Reflections along the way of a terminal illness

Katie and Maggie sharing a moment of sadness. Maggie knew!

Katie and Maggie sharing a moment of sadness. Maggie knew!

Today, three years to the day after Katherine’s (“Katie’s”) death (May 9, 2010), we inter her cremains.

IT’S RAINING, IT’S POURING” was written the day we learned that Katie’s incurable Leiomyosarcoma had taken a turn for the worse. In memory of Katherine (“Katie”) Elizabeth Slaikeu Nolan.

Gordon C. Stewart Feb. 11, 2009

It’s raining, it’s pouring
The old man is snoring
He went to bed and he bumped his head
And couldn’t get up in the morning

It’s a day like that. I bumped my head on the illness of a 33 year-old loved one. It’s raining sadness. I’m having trouble getting out of bed in the morning.

Terminal illness has a way of doing that unless you believe in miracles of divine intervention or you have extraordinary powers of denial.

My spirituality has become increasingly like that of Rebbe Barukh of Medzobaz, an old Hasidic master in Elie Wiesel’s tale of Four Hasidic Masters and Their Struggle Against Melancholy. When he prayed the customary Jewish prayer, “Thank you, Master of the Universe, for your generous gifts – those we have received and those we are yet to receive” – he would startle others with his weeping. ‘Why are you weeping?” one of them asked. “I weep,” he said, “in thanksgiving for the gifts already received, and I weep now for the gifts I have yet to receive in case I should not be able to give thanks for them when they come.”

For my family at this critical time, the real miracle has already occurred – the shared gift of love – and it will come again in ways I cannot now anticipate when the last page of the final chapter of our loved one’s life is over.

The miracles are more natural, nearer to hand. Although I don’t believe in selective divine intervention, I am on occasion a sucker for denial – except on days like this when it’s raining and gray and I’ve bumped my head on the hard fact that cancer is ransacking my loved one’s body. A certain amount of denial, too, is a blessing in disguise, one of God’s generous gifts to keep us sane when the rain pours down and clouds are dark.

Faith comes hard sometimes. In college mine was challenged and refined by Ernest Becker‘s insistence that the denial of death lies at the root of so many of our problems. My faith has been refined along the way by the courage of Albert Camus and Jean-Paul Sartre to face the meaninglessness of the plague, the faith and courage of Dietrich Bonhoeffer and Paul Tillich who stuck their fingers in the gears of Nazism, and the humble witness of Mother Teresa working in the slums of Calcutta with more questions than answers and some anger at God.

The job of faith, as I see it, is to live as free as possible from illusion with a trust in the final goodness of Reality itself, despite all appearances to the contrary. Faith is the courage and trust to look nothingness in the eye without blinking or breaking our belief in the goodness of mortal life.

When I look into my loved one’s eyes I see that courageous kind of faith that defies the cancer to define her, and a resilient spirit that makes me weep tears of joy over the gifts we’ve already received and the ones we have yet to come.

It’s still raining and it’s still pouring, but I refuse to snore my way through this.
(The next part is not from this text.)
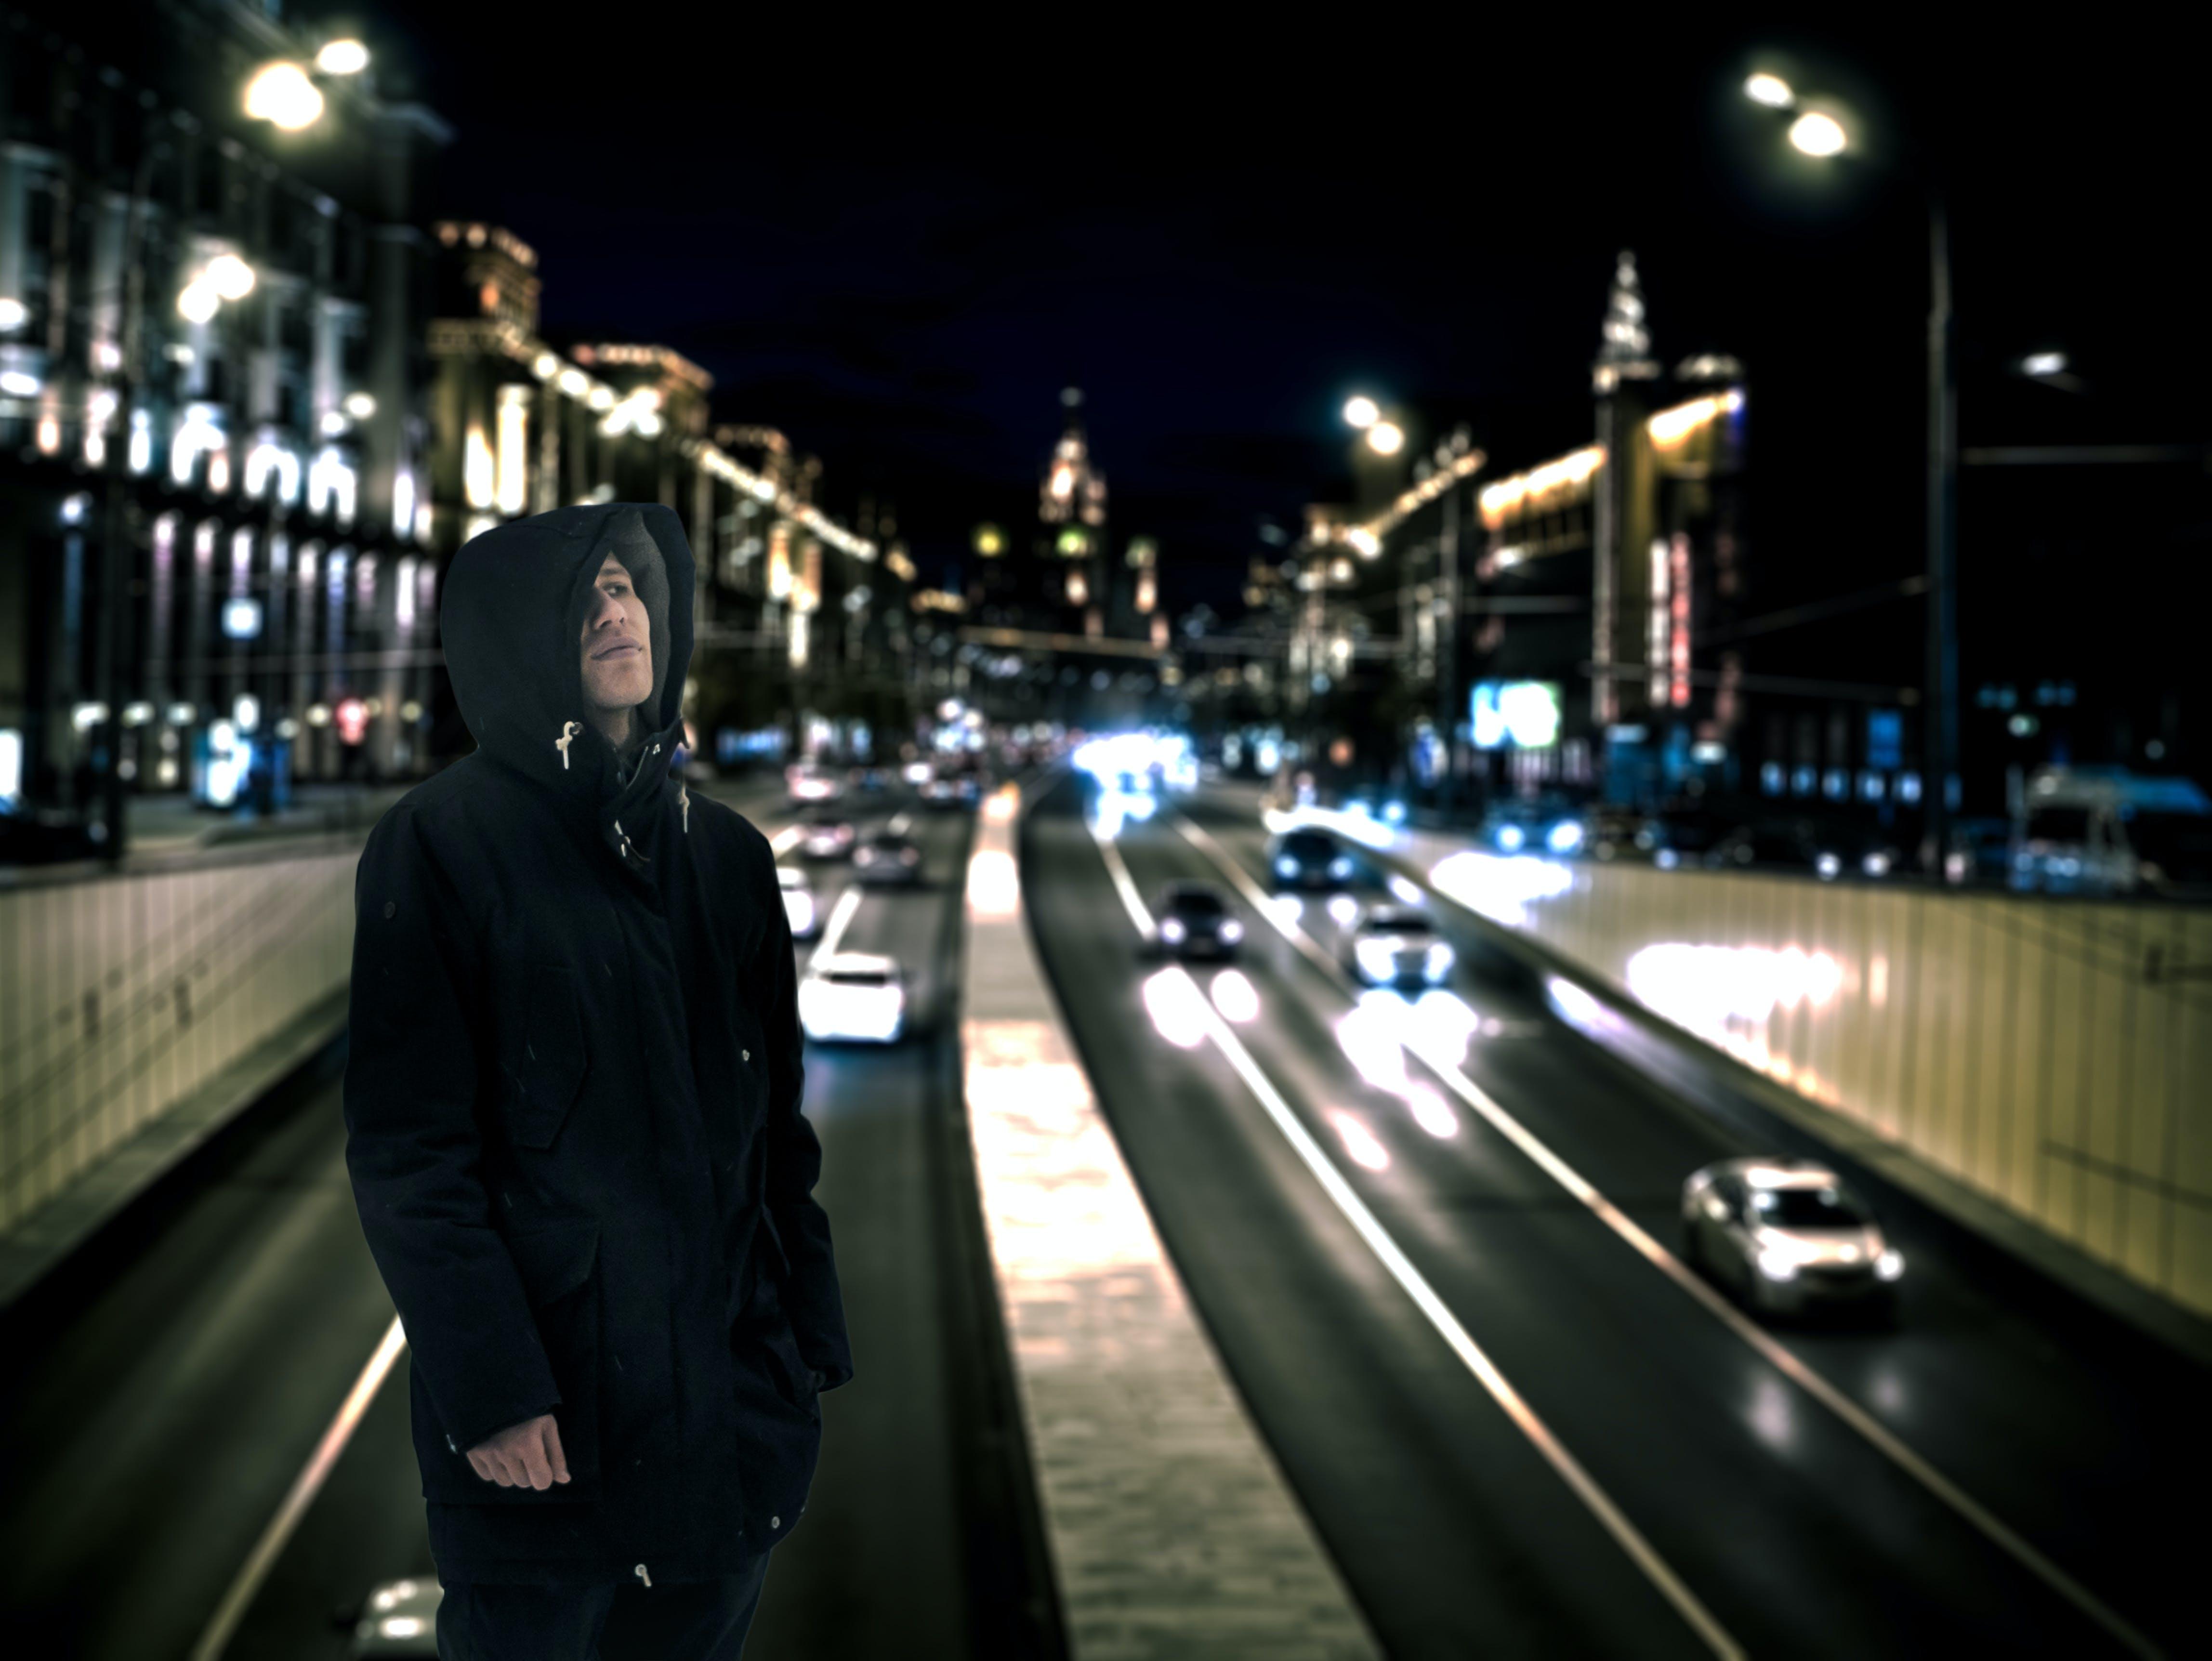 Man Wearing Black Hoodie With Road Background

I’ve bumped my head on the news of a loved one’s terminal illness, but I’m getting up in the morning.

POSTSCRIPT March 21, 2012

Conversation yesterday about “The List” posted on Bluebird Boulevard:

Karen:

My mother died of cancer eight years ago. Her loss is still visceral. She is in every bird I see.

Me:

The morning of Katherine’s memorial service Kay, Katherine’s mother, was standing by the large picture window gazing out at the pond in our back yard. Out of nowhere, it seemed, two Great Blue Herons flew directly toward the window and swooped upward just before they got to the house. “She’s here. That’s Katie,” said Kay without a second’s hesitation. On her last day of hospice care, Kay and I each remarked that her face looked like a baby bird. I’m a skeptic about such things. I’ve always been, and always will be, a doubting Thomas. My assumptions and conclusions come the hard way. But on the day the herons flew directly at Kay from across the pond, I saw it with my own eyes…and HAD to wonder.

Within a minute a third Great Blue Heron perched on the log by the edge of the pond and stood alone for a LONG time. It reminded me of a gathering on the steps of the State Capitol in Saint Paul following the tragic deaths of school children at Red Lake, MN. The crowd stopped listening to the speaker. They were looking up. “What’s going on?” I asked Richard, the Red Lake American Indian advocate and my co-worker at the Legal Rights Center.org. “Eagles,” he said. “Where?” “WAY up. They’re circling.”

I learned later that the eagles were also circling at that same moment over the grieving families gathered at Red Lake. I asked American Indian colleague what he took it to mean. “We don’t ask. That’s the white man’s question,” he said. “We just accept it. We live in the mystery.”